Изменить стиль страницы

Наконец Батов вышел к трибуне.

— Время позднее, а завтра на работу, — сказал он просто, будто не на собрании. — Я буду кратким. Коммунисты колхоза поступают правильно и правильно понимают решения Пленума ЦК и свои задачи. И райком полностью их поддерживает… Что сказать о Русакове? Мне нравится, что он смелый человек. В Александровке, я вижу, ценят его. И, видимо, есть за что. Погода нас не радует. В этой обстановке русаковский запал особенно важен. А вот что Румянцевой не заплатили, это плохо. Все правление в этом виновато, и прежде всего — председатель… И колхозник в полной мере должен ощущать свою причастность ко всем артельным делам и нести такую же ответственность… В этом сейчас главное, товарищи…

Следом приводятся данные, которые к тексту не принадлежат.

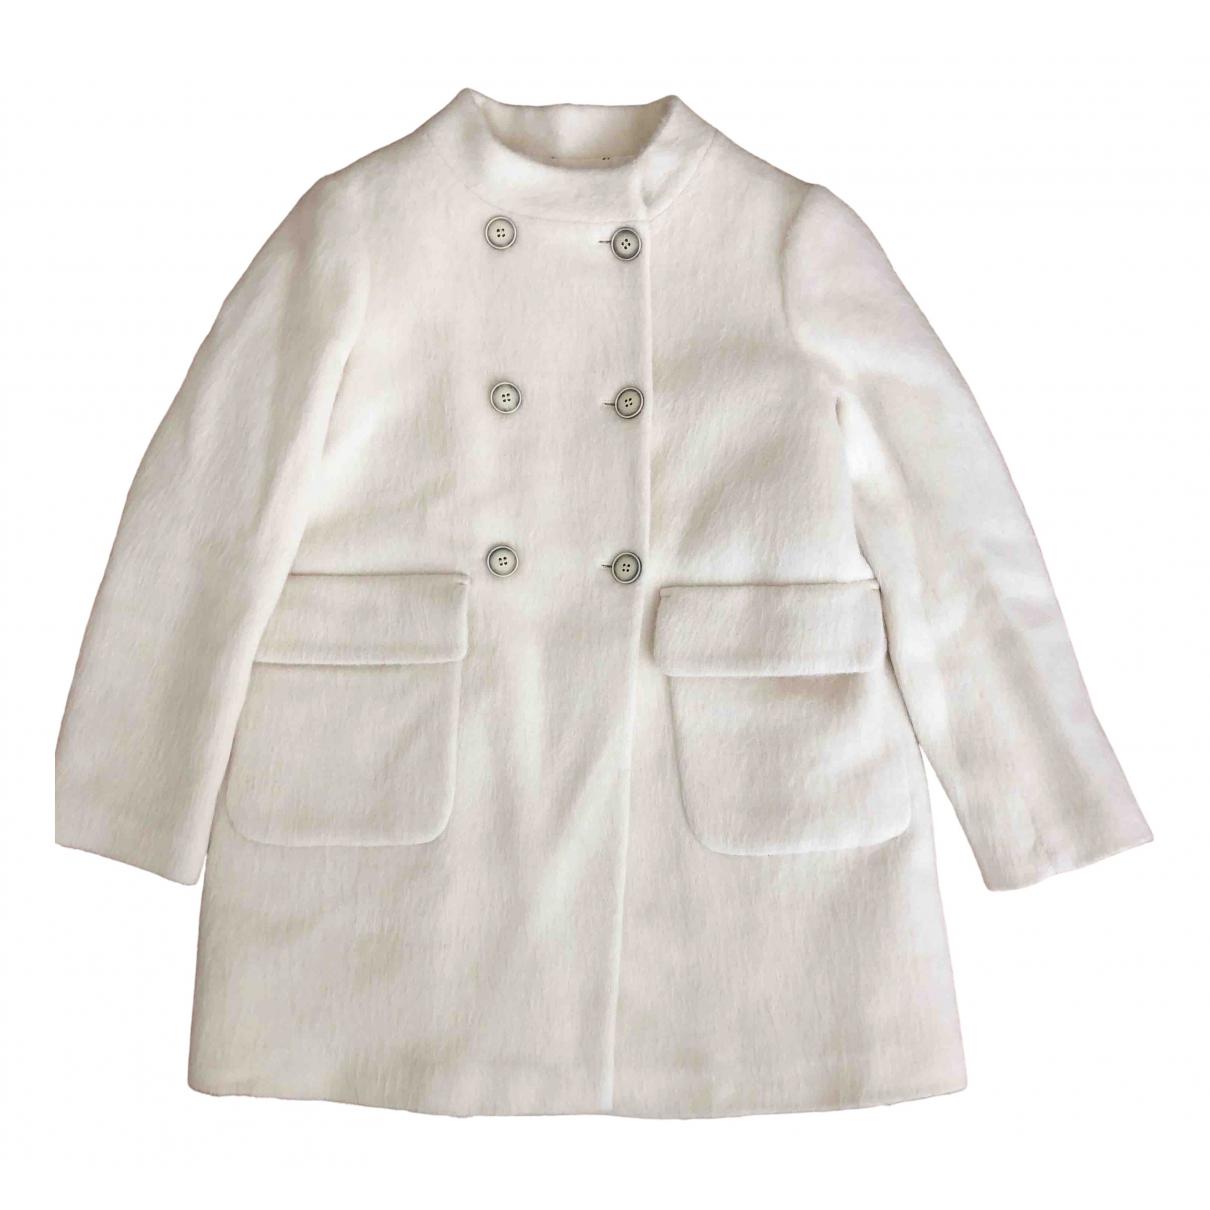 Bonpoint \N White Wool jacket & coat for Kids 12 years - XS FR

Батов говорил кратко, ясно. В конце своего выступления помедлил и закончил:

— Всем должно быть ясно: к старому возврата нет и не будет!

Волнов спустился в зал, нашел Остроухова и с обычной своей шутливостью сказал:

— Мы твою идею поставим на хорошие ноги. Как-нибудь встретимся и подробно потолкуем обо всем, — и дружески пожал руку.

После собрания, выходя из клуба, Волнов сказал Батову:

— А вы хороший адвокат.

— Имеете в виду мою поддержку Русакова? Напрасно. У него и без меня достаточно адвокатов. К тому же, разве я могу сравниться хотя бы с Мокеем, — весело сказал Батов.

— Шутить изволите, Михаил Федорович.

— До шуток ли, — уже серьезно проговорил Батов и, помолчав, добавил: —Помнишь наш разговор у меня в кабинете? Ты тогда сказал: пусть нас рассудит жизнь. Вот она и рассудила.

— Поживем — увидим, — буркнул Волнов.

Батов пожал плечами.

Что толкнуло Клавдию на этот поступок, она и сама не знает. Но после собрания она почему-то оказалась рядом с Сергеем Русаковым. Шли по проулку вверх на Майскую.

Ну, на что надеяться? Жинку свою бросит, что ли? Куда там? Любит он жинку, да еще как. Да и не нужен мне он… Поговорю — и на душе легче станет…

— Трудное собрание, — словно оправдываясь, сказала Клавдия, и сама не узнала своего отчужденного голоса.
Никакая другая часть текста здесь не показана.